◆ INFORMATION SUPPLIED
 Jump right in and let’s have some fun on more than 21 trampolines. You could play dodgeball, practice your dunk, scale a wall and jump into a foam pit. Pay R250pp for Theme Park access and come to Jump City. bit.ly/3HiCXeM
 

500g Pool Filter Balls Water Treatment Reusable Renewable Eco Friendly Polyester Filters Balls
...
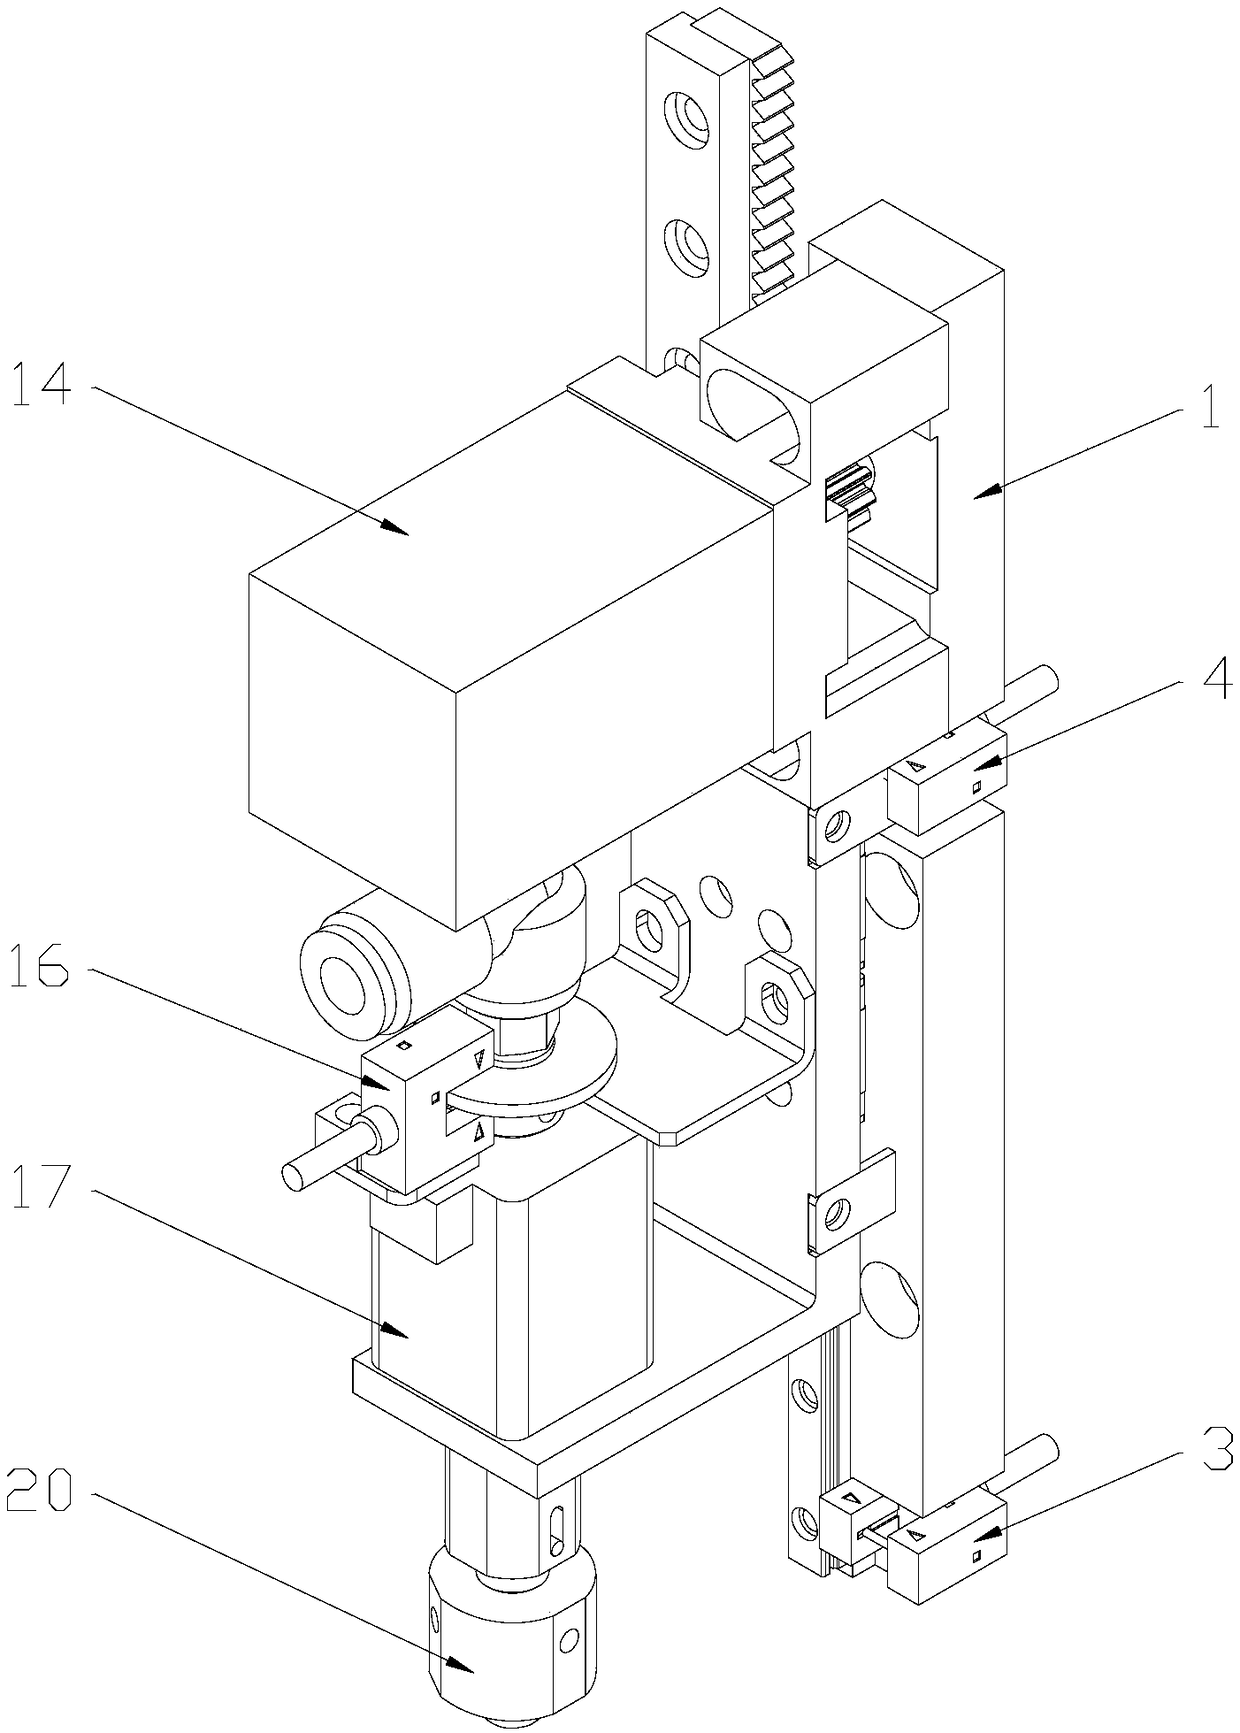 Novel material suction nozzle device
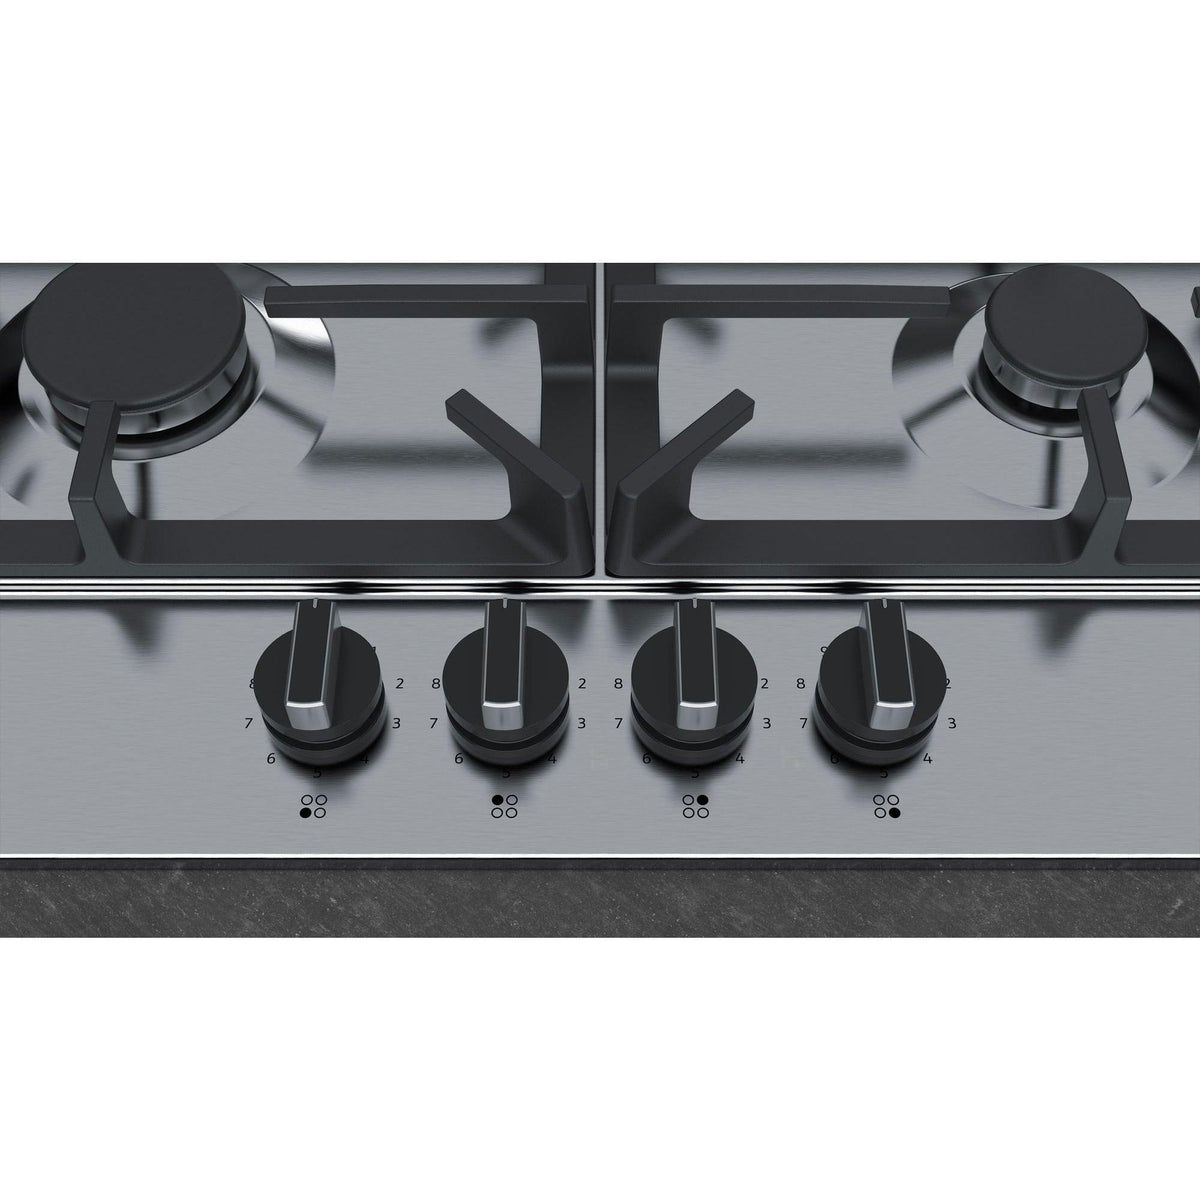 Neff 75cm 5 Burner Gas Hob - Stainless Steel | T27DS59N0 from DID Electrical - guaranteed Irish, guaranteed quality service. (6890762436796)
* * *
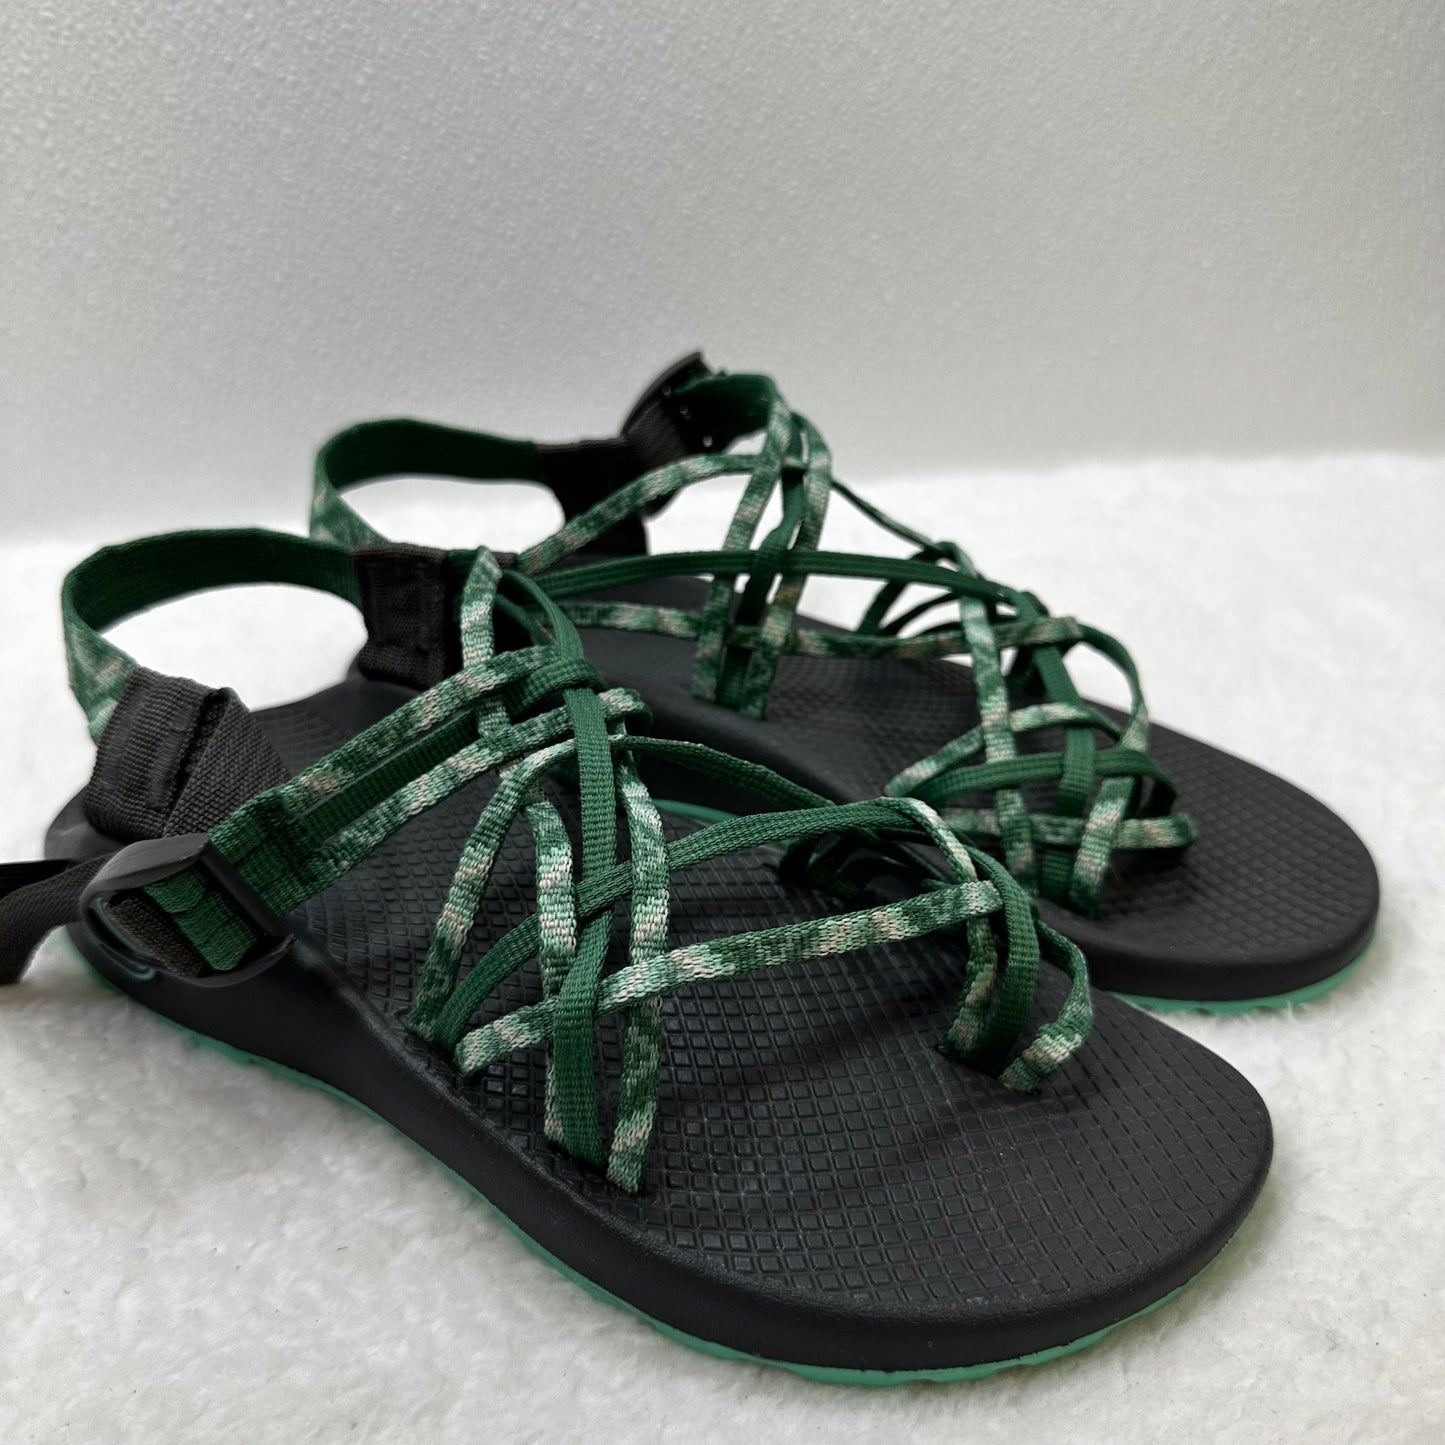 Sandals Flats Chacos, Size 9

◆ TASK
Output the lines above between the one holding "Jump right in" and the one holding "500g Pool Filter", inclusive, with nothing before or after them.

◆ REPLY
 Jump right in and let’s have some fun on more than 21 trampolines. You could play dodgeball, practice your dunk, scale a wall and jump into a foam pit. Pay R250pp for Theme Park access and come to Jump City. bit.ly/3HiCXeM
 

500g Pool Filter Balls Water Treatment Reusable Renewable Eco Friendly Polyester Filters Balls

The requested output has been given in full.